§ REQUIREMENT:
Transcribe word for word the section of the records below that opens with the line containing "Straßenatmosphäre und architektonische" and closes with the line containing "Les diamants ne"; drop every picture.

PROVIDED RECORDS Block Start

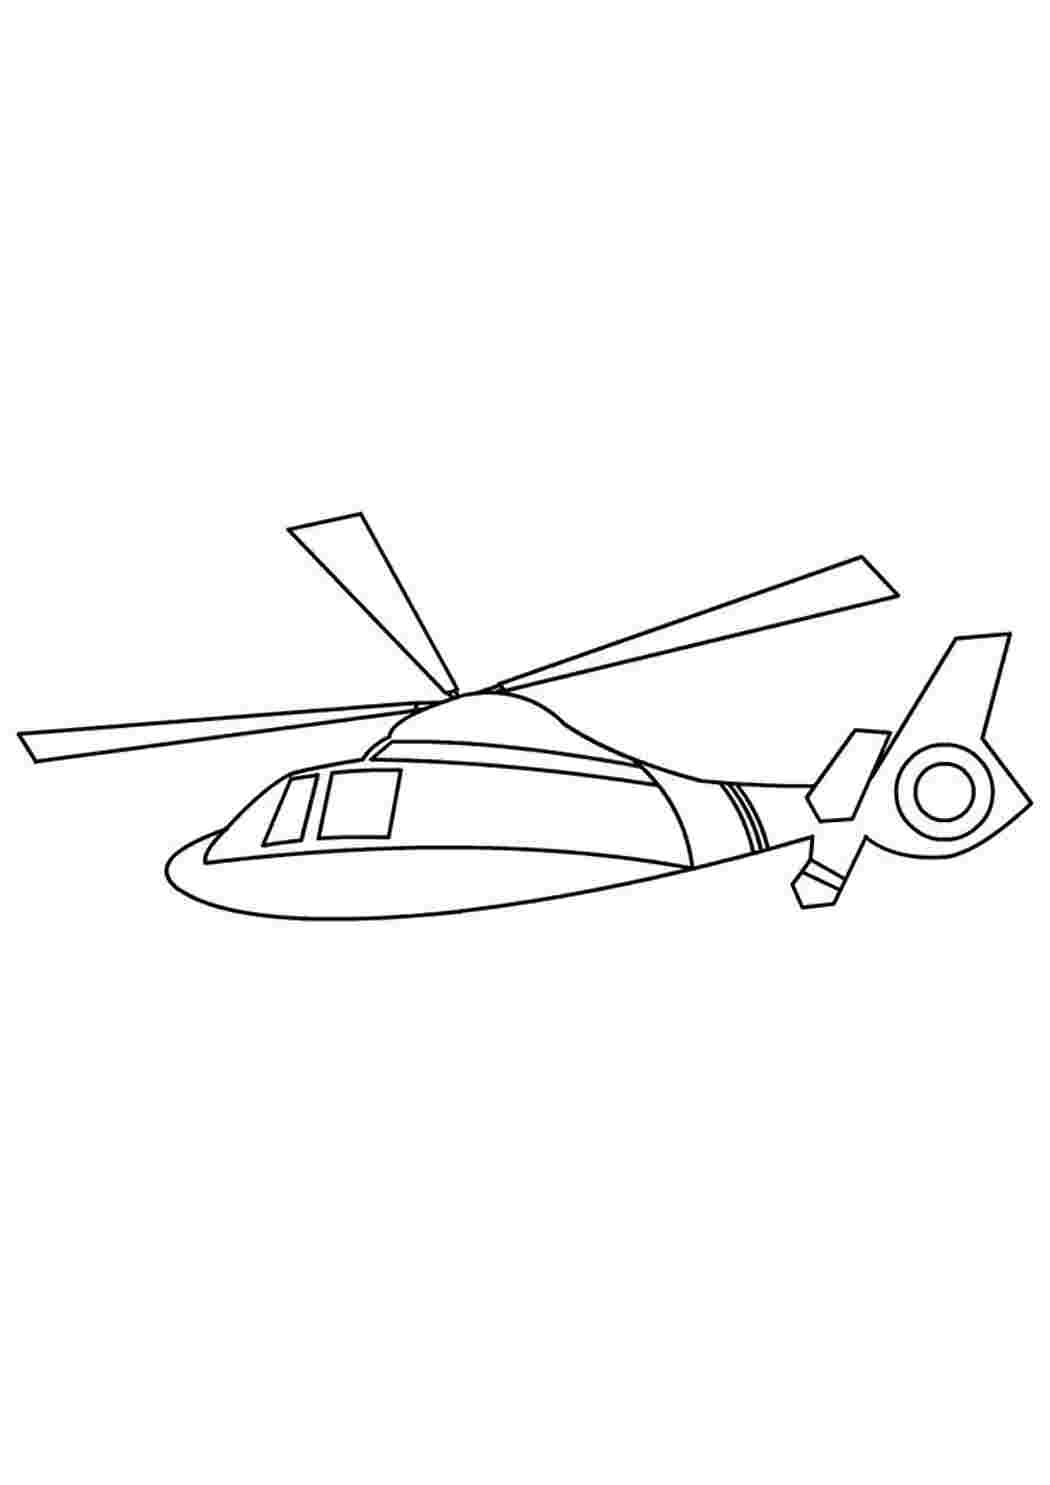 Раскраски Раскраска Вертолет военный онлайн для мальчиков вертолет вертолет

PROVIDED RECORDS Block End
PROVIDED RECORDS Block Start

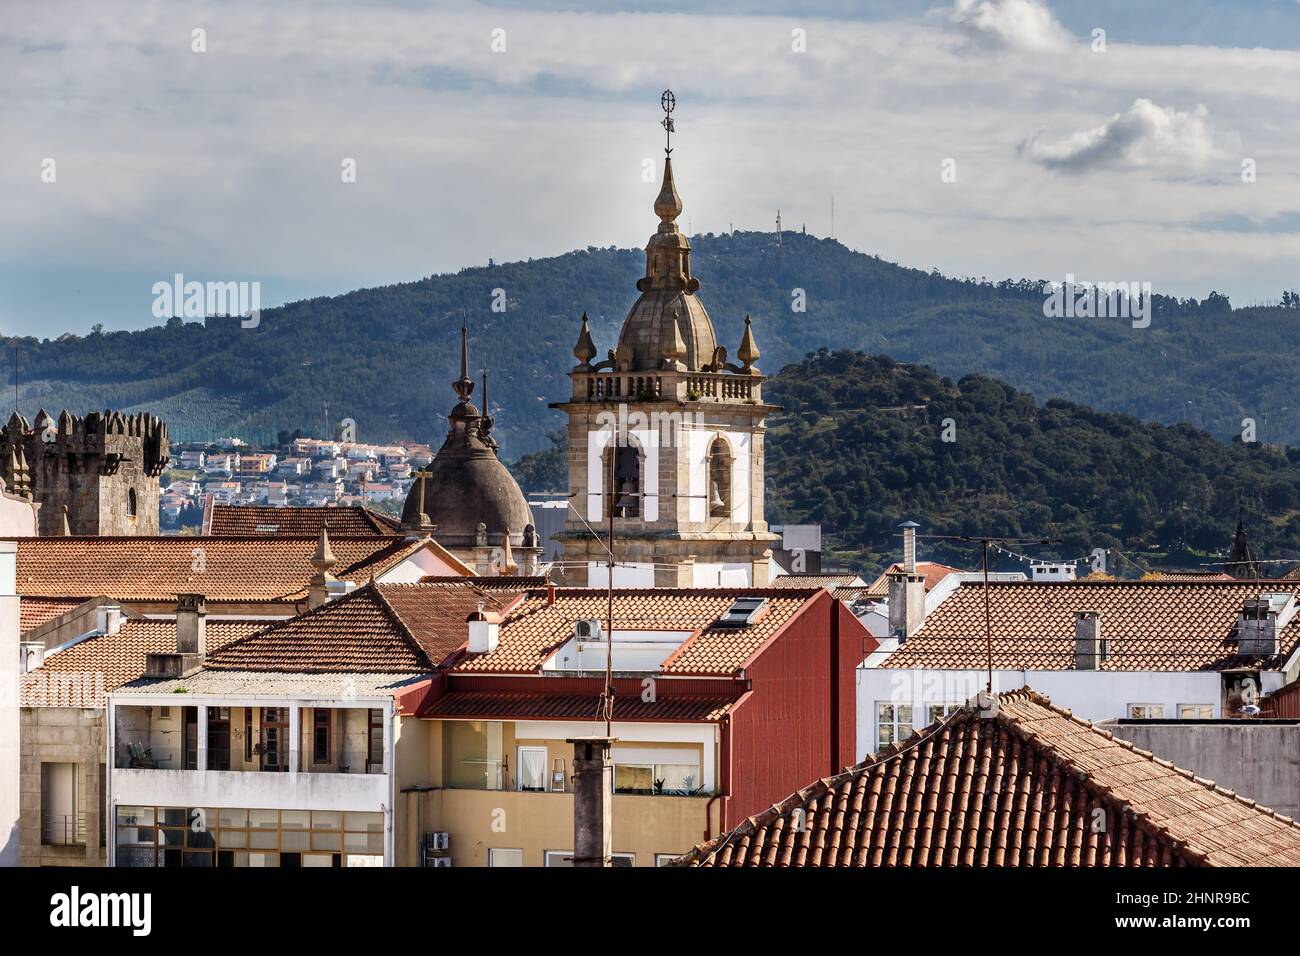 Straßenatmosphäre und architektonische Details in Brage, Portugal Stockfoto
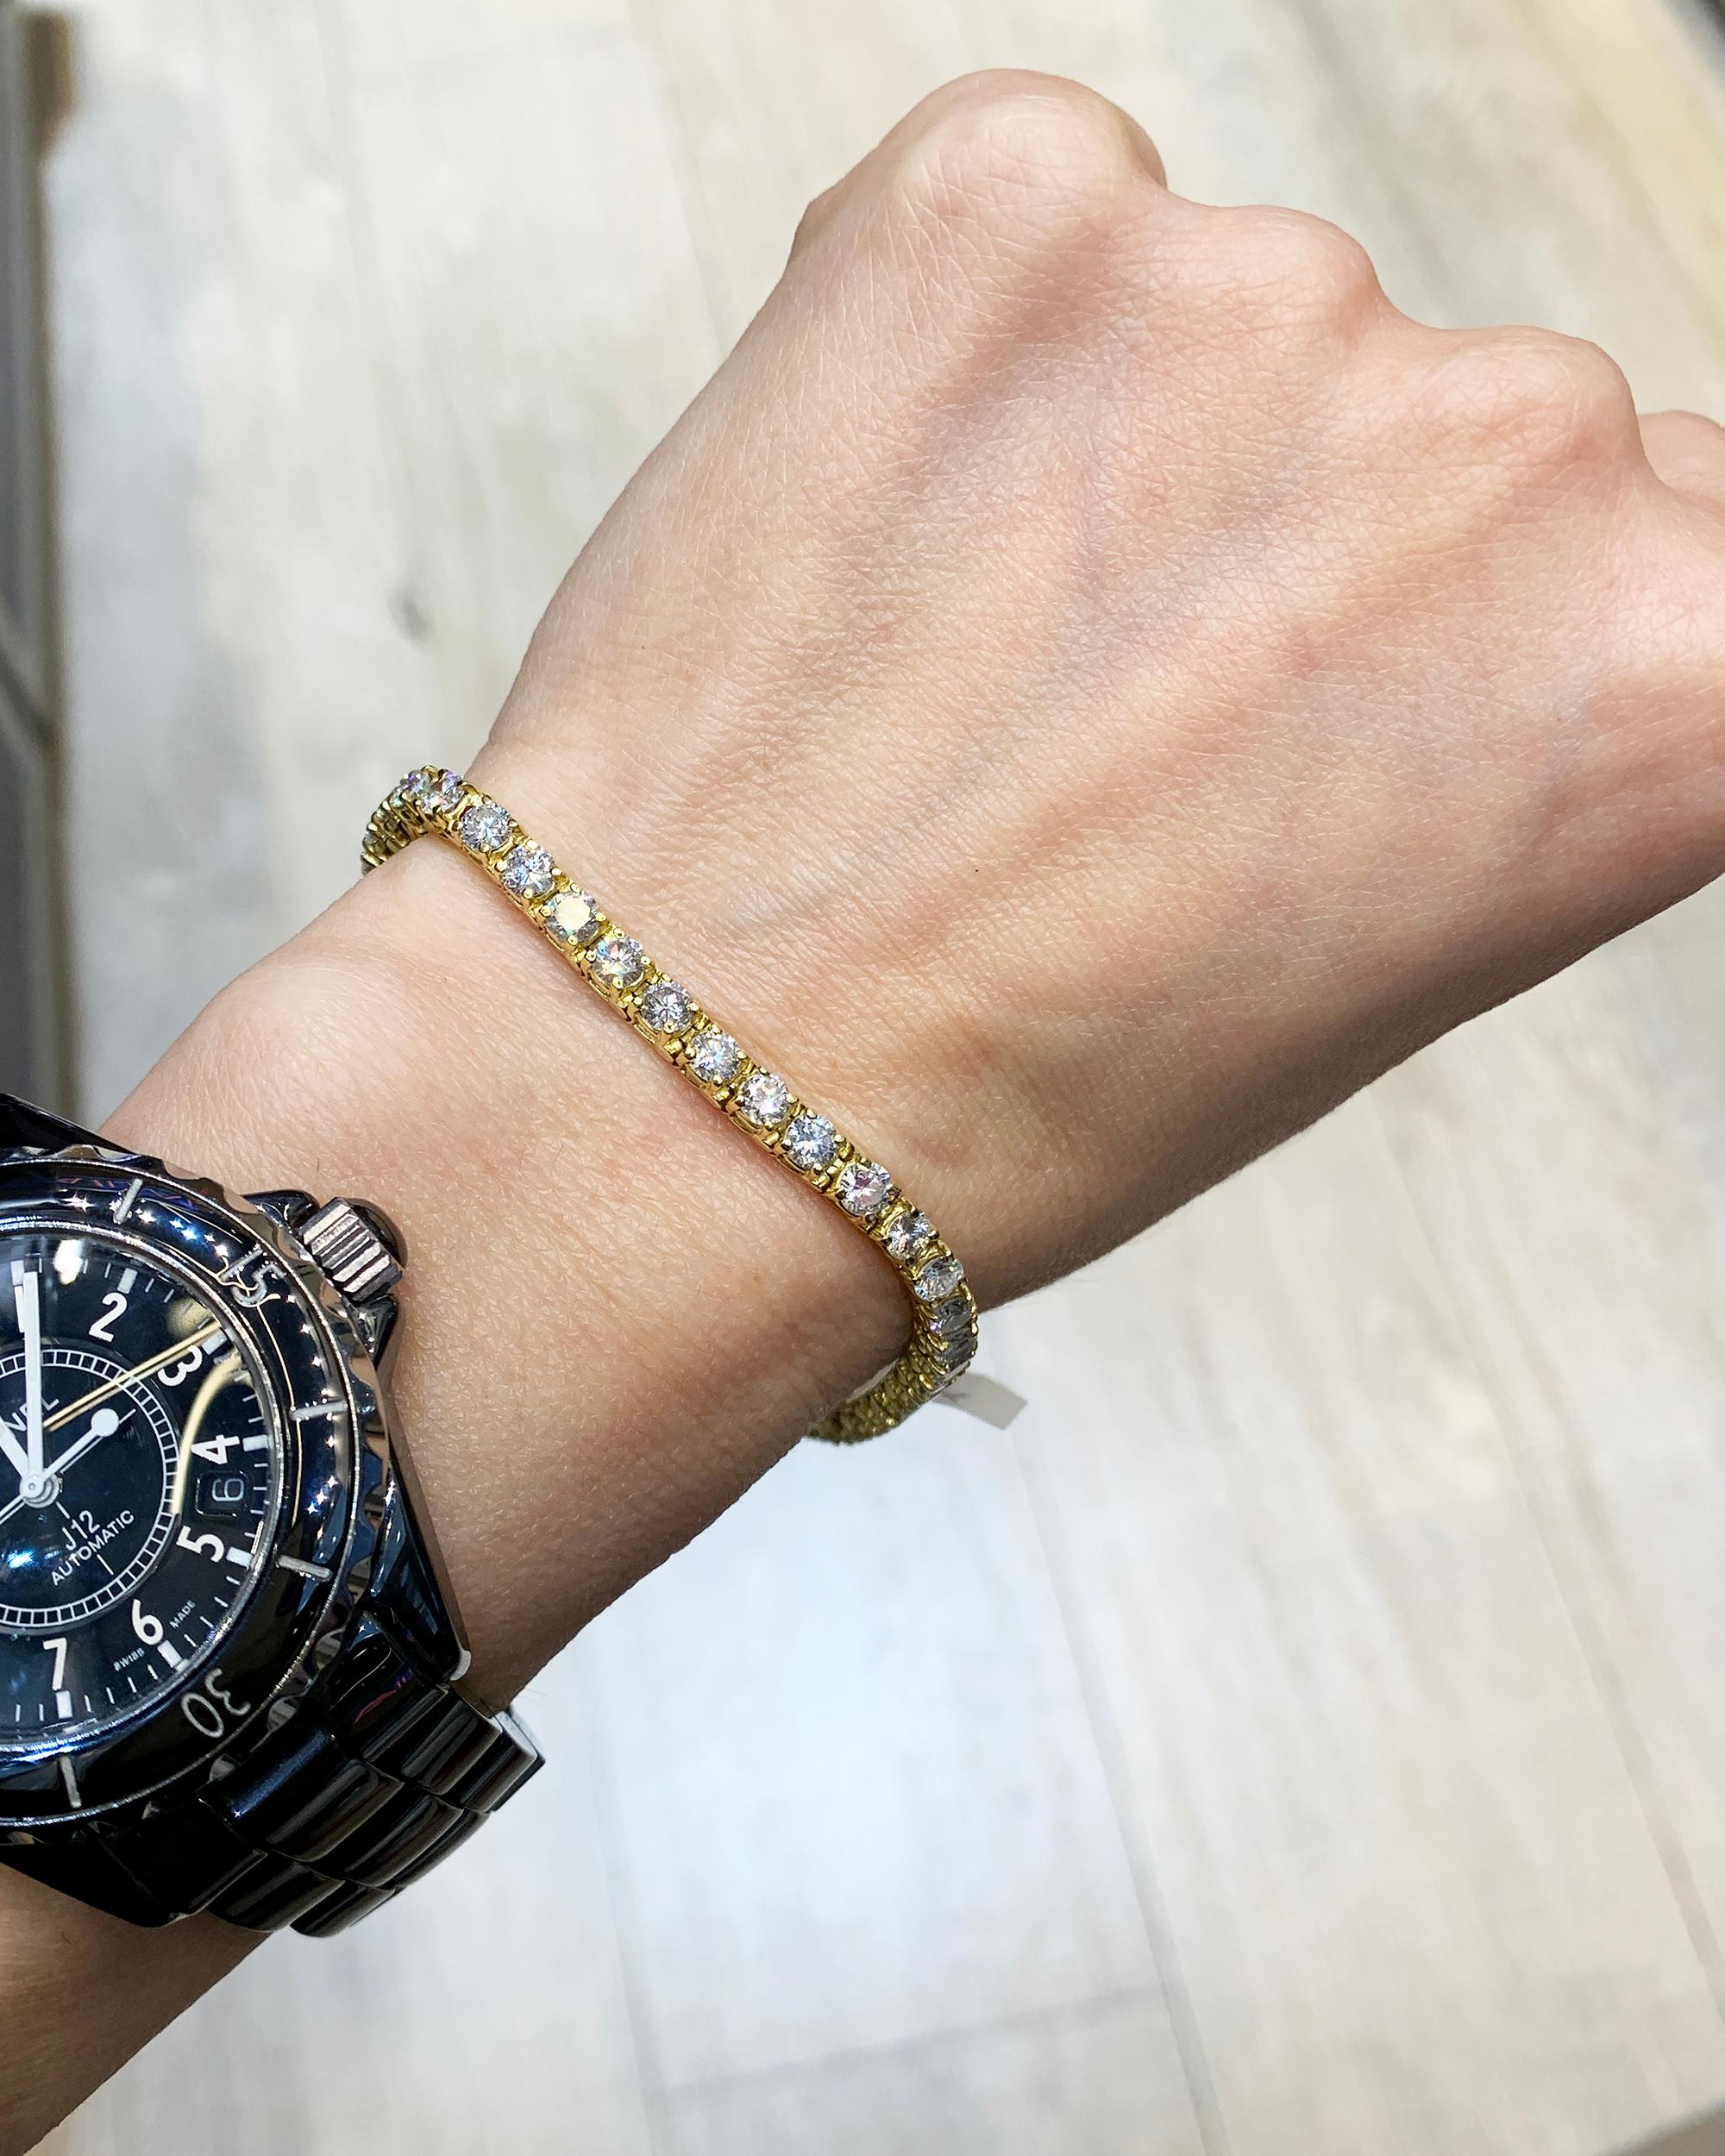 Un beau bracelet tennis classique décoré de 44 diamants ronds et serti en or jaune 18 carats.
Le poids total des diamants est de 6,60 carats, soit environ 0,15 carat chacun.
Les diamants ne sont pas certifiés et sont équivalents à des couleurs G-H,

PROVIDED RECORDS Block End
PROVIDED RECORDS Block Start

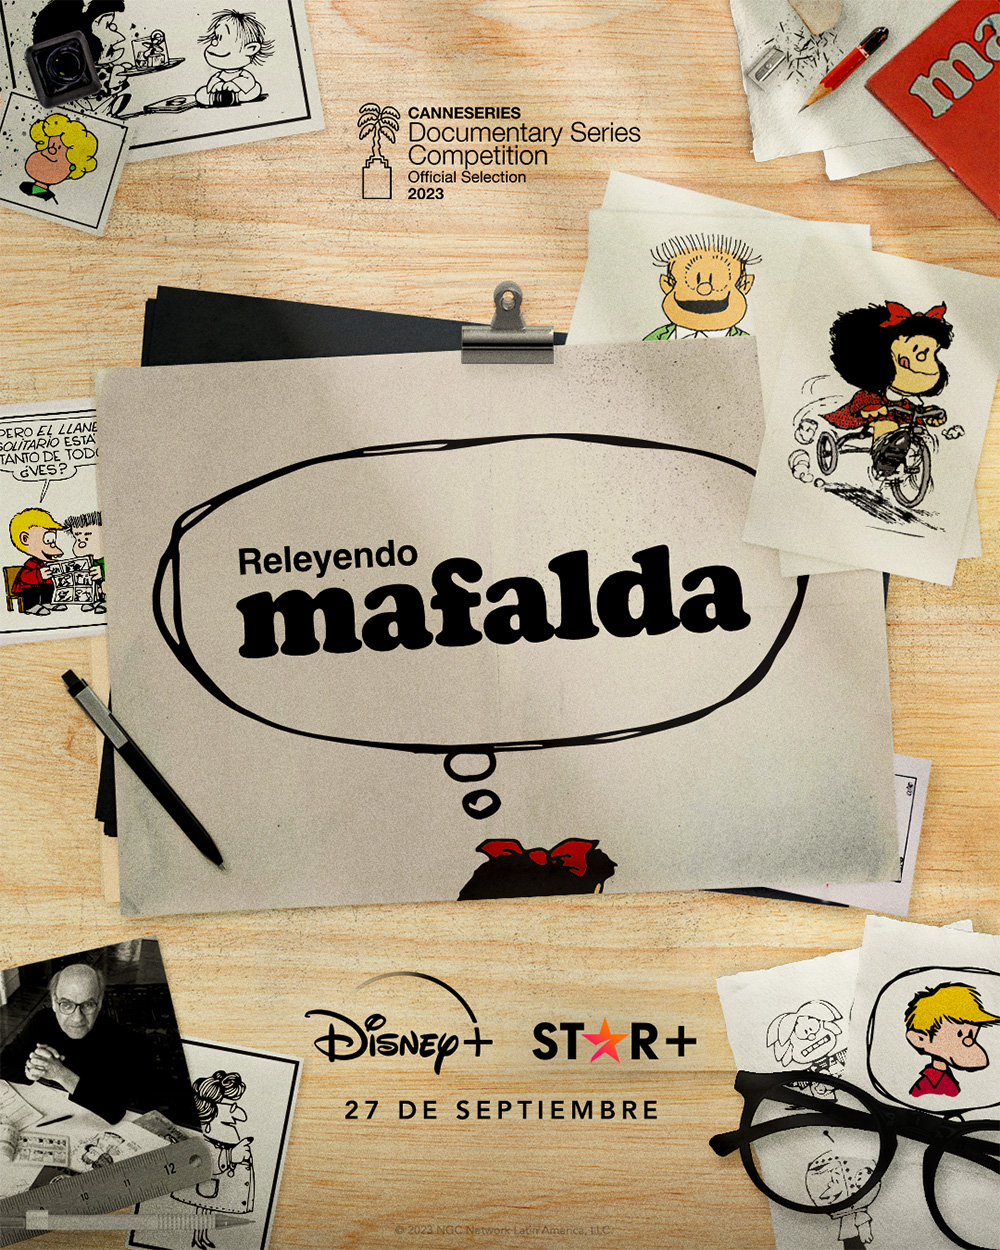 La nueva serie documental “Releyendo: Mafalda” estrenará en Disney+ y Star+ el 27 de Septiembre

PROVIDED RECORDS Block End

§ SOLVED EXERCISE:
 Straßenatmosphäre und architektonische Details in Brage, Portugal Stockfoto
 Un beau bracelet tennis classique décoré de 44 diamants ronds et serti en or jaune 18 carats.
Le poids total des diamants est de 6,60 carats, soit environ 0,15 carat chacun.
Les diamants ne sont pas certifiés et sont équivalents à des couleurs G-H,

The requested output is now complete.